Rafail Mamas

Personal information
- Date of birth: 4 March 2001 (age 25)
- Place of birth: Nicosia, Cyprus
- Height: 1.85 m (6 ft 1 in)
- Position: Midfielder

Team information
- Current team: Sarajevo
- Number: 66

Youth career
- 0000–2018: AEK Larnaca

Senior career*
- Years: Team / Apps / (Gls)
- 2018: AEK Larnaca / 1 / (0)
- 2018–2020: Napoli / 0 / (0)
- 2020–2021: SPAL / 0 / (0)
- 2021–2024: AEK Larnaca / 58 / (1)
- 2024–2025: AEL Limassol / 27 / (1)
- 2025–: Sarajevo / 8 / (0)

International career
- 2017–2018: Cyprus U17 / 6 / (1)
- 2018–2019: Cyprus U19 / 10 / (0)
- 2020–2022: Cyprus U21 / 8 / (0)
- 2021–2024: Cyprus / 3 / (0)

= Rafail Mamas =

Cypriot footballer (born 2001)

Rafail Mamas (Ραφαήλ Μάμας; born 4 March 2001) is a Cypriot professional footballer who plays as a midfielder for Bosnian Premier League club Sarajevo.

==Club career==
On 13 May 2018, Mamas made his senior debut for AEK Larnaca, playing the full ninety minutes in a 3–2 win over AEL Limassol.

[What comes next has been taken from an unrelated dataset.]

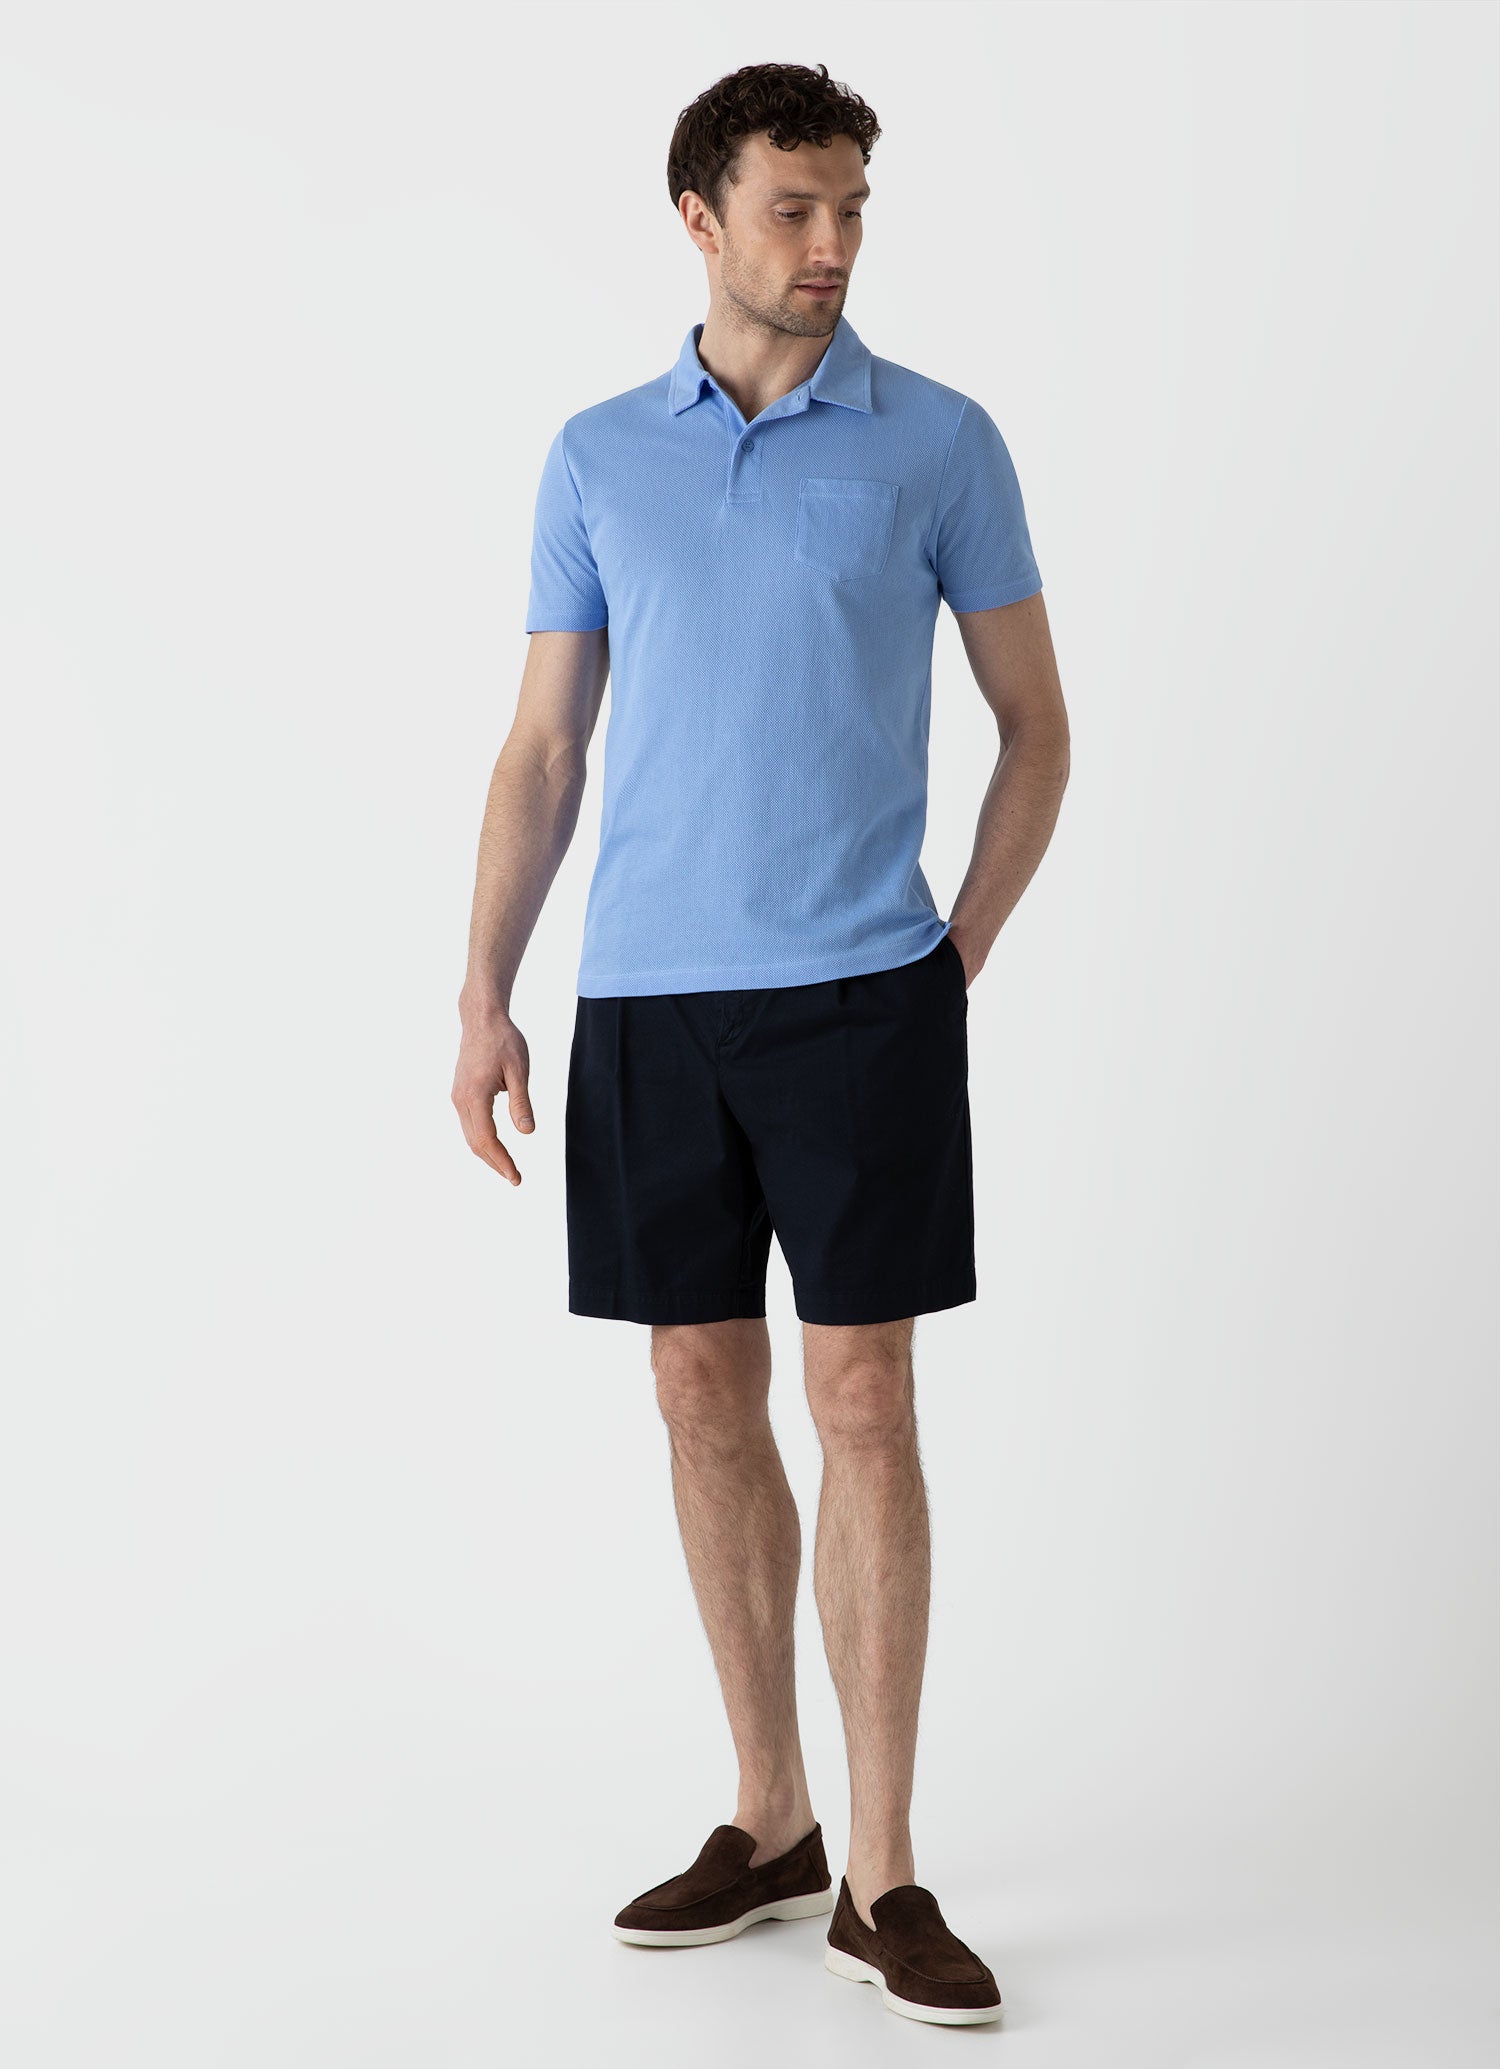 Men's Riviera Polo Shirt in Cool Blue

On 26 July 2018, Mamas was an unused substitute in Larnaca's 0–0 draw away to Dundalk in the UEFA Europa League but the next month, he joined Serie A club Napoli.

In September 2020, Mamas joined Serie B side SPAL.

On 19 July 2021, Mamas returned to AEK Larnaca after three years in Italy.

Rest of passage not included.